I am a high school teacher in Las Vegas and I found myself at the beginning of a new school year with a lot of ideas, but virtually no money to work with. As a result I had to become very thrifty, very quickly. So in the tradition of node your homework, here are some ideas to try in your classroom, or just at home.


The most expensive part of chemistry is trying to find chemicals and equipment. Many experiments call for chemicals that can be found in your local grocery store as long as you know where to look. Some of these you may already know, but I'm sure that there are a few suprises.

Acetic Acid - Vinegar
Acetone - Nail Polish Remover
Ascorbic Acid - Vitamin C
Ammonia - Window Cleaners
Bismuth Subsalicylate - Pepto Bismol
Calcium Carbonate - Tums
Calcium Hydroxide - Nair
Carbonic Acid - Tonic Water
Cyanoacrylate - Superglue
Ethylene Glycol - Anti-freeze
Iso-propyl Alcohol - Rubbing Alcohol
Magnesium Hydroxide - Milk of Magnesia
Muriatic Acid - Concrete Cleaner
pH Indicator - Red Cabbage Juice
Sodium Bicarbonate - Baking Soda
Sodium Hypochlorate - Bleach
Sodium Polyacrylate - inside Disposable Diapers
Toluene - Paint Thinner

As far as equipment is concerned, it is really all about the scale of your labs. For a small scale lab, you can use plastic pipettes for almost everything. In a classroom instead of setting out whole bottles of chemicals and worrying about cross contamination you can label and fill pipettes. That way you can have a set of chemicals for each lab group without having individual bottles. If you have access to different sized pipettes you can cut the bulb off the largest pipette and use the bulb as the container for your experiment.
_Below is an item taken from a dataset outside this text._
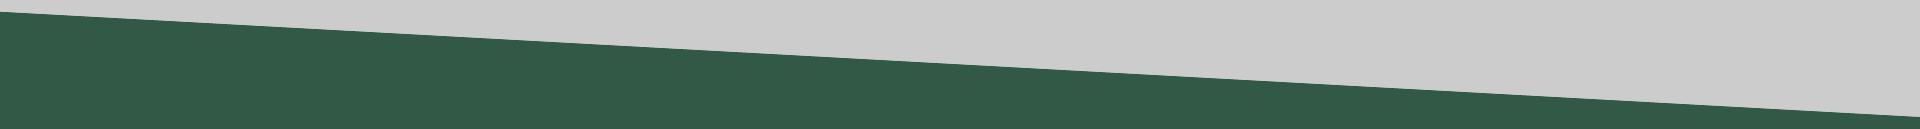 detalhe-layout-footer-frota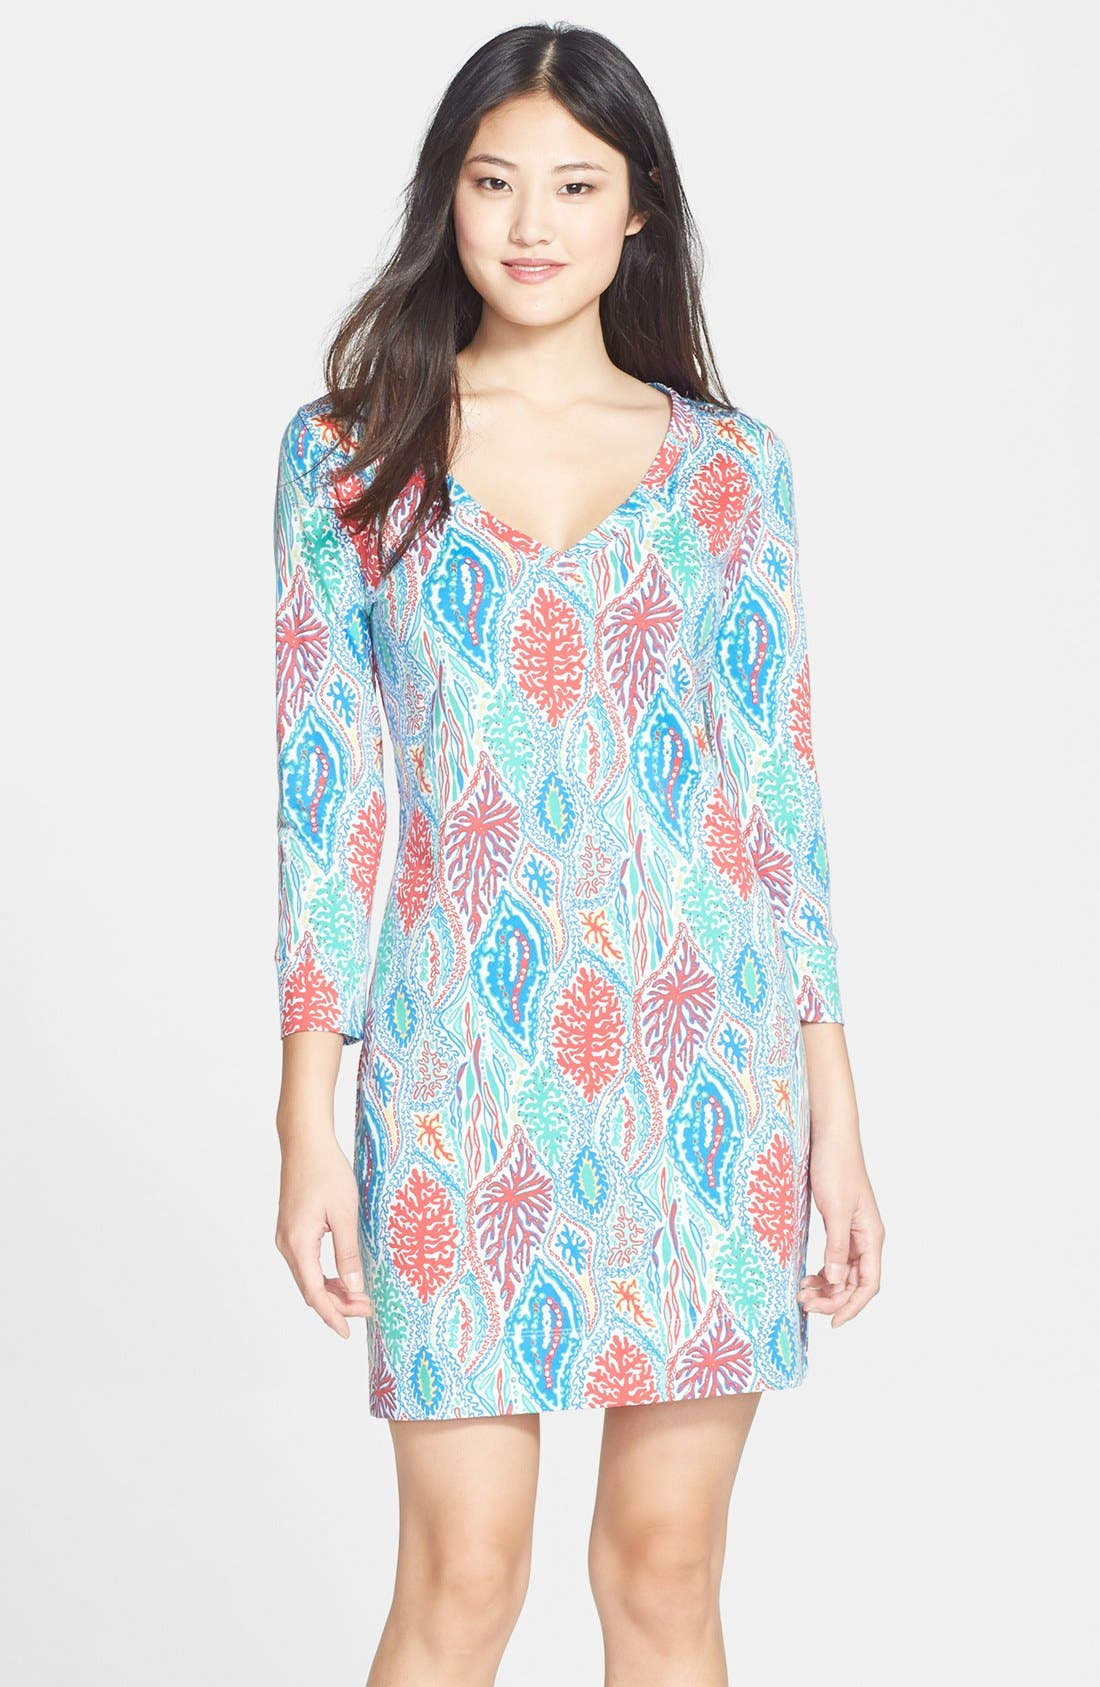 Main Image - Lilly Pulitzer® 'Christie' Print V-Neck Shift Dress

For large scale experiments nothing beats a glass beaker, but if you can get away with using a plastic glass it's easier clean up and much cheaper. Kitchen measuring cups are also great as long as you know your conversions.


Here are a few fun experiments that are crowd pleasing and cheap.

Have your students answer the always intriguing question, "How much milk can I drink before I puke?" Most people don't realize that milk makes you puke when all of your stomach acid gets neutralized. Of course, no one should actually drink milk until they get sick. Your students can take about 10ml of acid and see how much milk can be added before neutralization happens. Milk is cheap, you can use red cabbage to show neutralization, and the whole thing can take place inside of a plastic cup! The acid in your stomach is hydrochloric, but vinegar can substitute for slightly less accurate results.

You can also show effectiveness of different antacids by taking several brands and finding how much acid gets neutralized vs antacid mass. These are excellent labs to use on students who think that chemistry has nothing to do with their lives.

Properties of Liquids
Students often struggle with the idea of defining what a liquid is. Add some water to corn starch and attempt to stir. Add water until it appears as a liquid but you can smack the top of it without much movement. This solution behaves as a solid with quick movements and a liquid with slow movements. The whole mixture is technically a liquid because it takes the shape of its container. If you are doing this with students let them play around with the mixture and ask them to determine its state of matter.

Capillary Action is one of those elusive properties that you can show in any container, but nobody cares about. Stick a stalk of celery in a cup with colored liquid in it and within a few hours/days the leaves will take on the color of the liquid it is in.

Surface Tension is great fun to experiment with if you have some mercury, but for the rest of us try this. Get some plain water and a mixture of one part liquid soap to four parts water. Stir well and allow bubbles to subside. Have the students add the liquids drop by drop to the top of the pennies. The students will notice that the penny with the soap water will hold a lot more drops before spilling over.

Gas Laws
The idea that pressure and volume are related can be hard for students to visualize. Get a large clear bottle, at least 1 liter. In the bottom of the bottle put a couple tablespoons of baking soda. Put some acid inside of a test tube. Drop the test tube into the bottle so that the acid stays mostly inside of the test tube. Inflate a balloon inside the bottle and tie it off. The balloon should be wall to wall within the bottle. Place the cap on the bottle. When it comes time for the demonstration tip the bottle so that the acid spills out. As the acid and base react they will release CO2 creating more pressure inside the bottle. Due to the excess pressure the balloon inside of the bottle will seem to magically shrink!

I hope that this little list of cheap science tricks will help you entertain your friends, students, or heck even just your own drunk self! Enjoy!